Me franqueó la entrada y me abalancé sobre ella. La abracé
por la cintura y le comí la boca con ganas, surcando sus interiores
con mi lengua ansiosa, y cuando pasé a su cuello pude escuchar sus
gemidos ahogados que demostraban que estaba tan caliente como yo. Sin
embargo, cuando deslicé mi mano por debajo de su jersey para
manosearle sus pechos, me separó con delicadeza y frenó mi pasión.
-No, Teo, por favor, no sigas. Te he dicho que no iba a pasar
nada y así va a ser. Vamos a la sala. Sentémonos y hablemos
tranquilamente.
No tuve más remedio que hacerle caso, así que la seguí a la
sala y nos sentamos frente a frente. Yo estaba nervioso y creo que
ella también, a juzgar por la forma en que estiraba su falda sin
mucho sentido.
-Teo, tengo que pedirte perdón – comenzó a decir –. Es
posible que te haya utilizado y te juro que no era esa mi intención.
-Conchita, pero qué cosas dices. Si durante todo este tiempo me
has hecho muy, muy feliz.
-A lo mejor tú te has sentido así, pero supongo que mi actitud
ha provocado que no sepas distinguir bien los sentimientos.
-Los distingo perfectamente, yo te quiero.
-No, no me quieres. Ni yo a ti. Simplemente nos buscamos... yo
te busqué por tristeza, por matar la desidia que había llenado mi
vida y tú... tú por sexo, porque conmigo despertaste a un mundo
desconocido. Tú también me has hecho muy feliz, mucho, pero esto no
puede continuar.
-Pero... ¿por qué no podemos seguir? Si hasta ahora todo fue
bien, si cuando vivía Ricardo no pasó nada...
-No Teo, no sigas por ahí. ¿Acaso crees que podemos estar
toda la vida manteniendo un amor clandestino, amándonos a escondidas
del mundo? No, Teo, ni tú te mereces eso ni mi futuro esposo
tampoco. Estoy enamorada y me ha pedido que me case con él. Y voy a
serle fiel, porque le amo. Tú conocerás a una chica y te enamorarás
de ella, pero de verdad. Te juro que el amor de verdad no tiene nada
que ver con lo que ha habido entre nosotros.
Se hizo el silencio y yo interpreté que había dado por
terminada la conversación. Estaba claro que la había perdido para
siempre. Resignado y triste me levanté y me dirigí a la puerta de
salida. Sentí sus pasos detrás de mí, pero sólo volví la cabeza
cuando tuve la puerta abierta y un pie en el rellano de la escalera.
-Conchita, yo te querré toda la vida. Estoy segura de que por
muchas mujeres que pueda conocer a ninguna amaré como a ti.

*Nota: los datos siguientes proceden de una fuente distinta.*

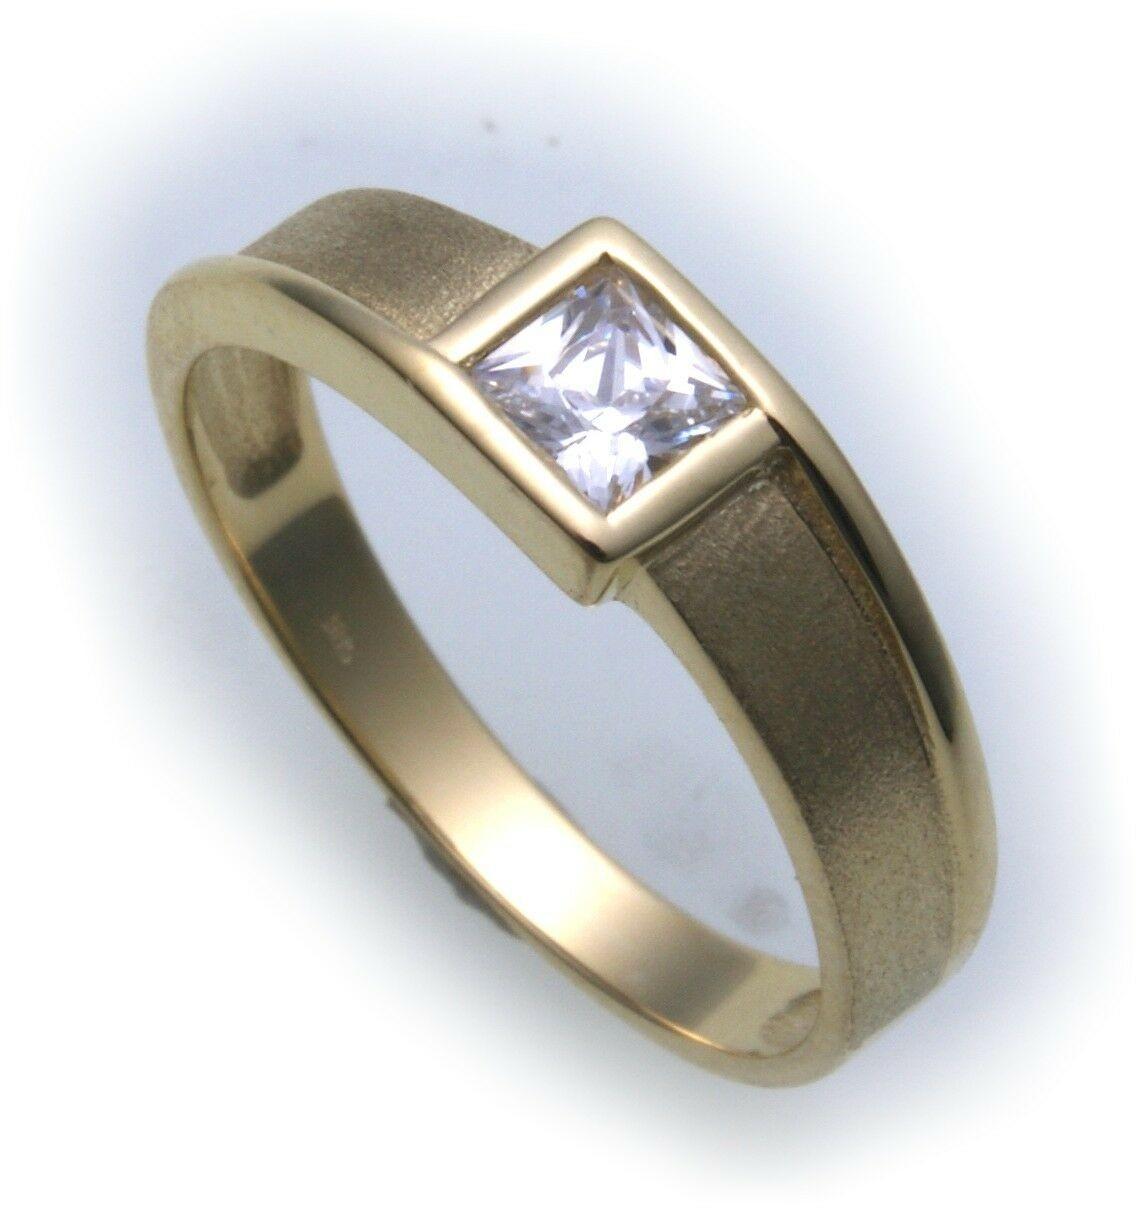 Damen Ring echt Gold 585 Zirkonia 4,5 x4,5 mm teilmatt 14 kt Qualität Gelbgold

Salí al pasillo y cerré la puerta tras de mí. Con aquel
gesto simple, cerré también una etapa de mi vida.
*
Conchita y José Antonio se casaron un doce de octubre y por
supuesto a su boda acudimos toda la familia, incluida mi abuela, que
siempre había sentido mucho cariño por Conchita. El día amaneció
claro y soleado y desde primeras horas de la mañana la casa fue un
hervidero de preparaciones, un ir de aquí para allá, que si el
vestido, que si el ramo, que si no sé cuántas cosas más. Yo no me
sentía contagiado del entusiasmo general ni mucho menos. Pensar que
dentro de unas horas iba a ser testigo de cómo el amor de mi vida se
entregaba a otro hombre no era plato de buen gusto. Intentaba
disimular como podía, aunque la verdad es que tampoco era necesario;
aquel día nadie reparaba en mí.
Ya en la Iglesia, cuando vi a aparecer a Conchita con su
vestido blanco, luciendo bella como la más hermosa de las princesas,
la sensación de angustia con la que había despertado se acentuó.
Creo que incluso tuve ganas de llorar, al fin y al cabo hacía bien
poco que había dejado atrás la niñez y los hombres no lloran, pero
a los niños les está permitido. Alguna lágrima imprudente resbaló
por mi mejilla cuando se dieron el sí quiero. Mi madre me miró y
esbozó una tenue sonrisa.
-Estás emocionado ¿verdad, hijo? Yo también. La vamos a
echar mucho de menos.
No sabía bien mamá hasta qué punto la iba a extrañar yo. Le
dije que sí con un gesto de cabeza y luché por tragarme el resto de
las lágrimas que se empeñaban en brotar de mis ojos. Creo que fue
en ese preciso instante cuando decidí que durante el banquete iba a
beber más que comer. Tenía que comprobar si era cierto aquello de
que bebiendo se olvidaban las penas.
Así fue. El alcohol corrió por mis venas durante toda aquella
tarde y cuando llegó la ahora del baile desde el primer momento lo
que yo quise fue bailar con la novia. Cuando lo conseguí, cuando la
tuve de nuevo y por última vez entre mis brazos, me empeñé en
hacerle recordar todos los buenos momentos que habíamos disfrutado
juntos, lo mucho que habíamos gozado retozando en la cama de la casa
de Fernanda. Conchita me miró durante unos segundos y después
paseó su vista alrededor. La gente bailaba y se divertía. Nadie se
fijaba en nadie. Ella me cogió de la mano y sin dejar de bailar me
arrastró con disimulo hasta un corredor donde nadie podía vernos y
allí, en medio de la penumbra, me besó con la misma pasión que
había hecho tantas veces.
-Esta es mi despedida Teo – me dijo –, a partir de ahora
mismo es mejor que empieces a olvidarte de mí.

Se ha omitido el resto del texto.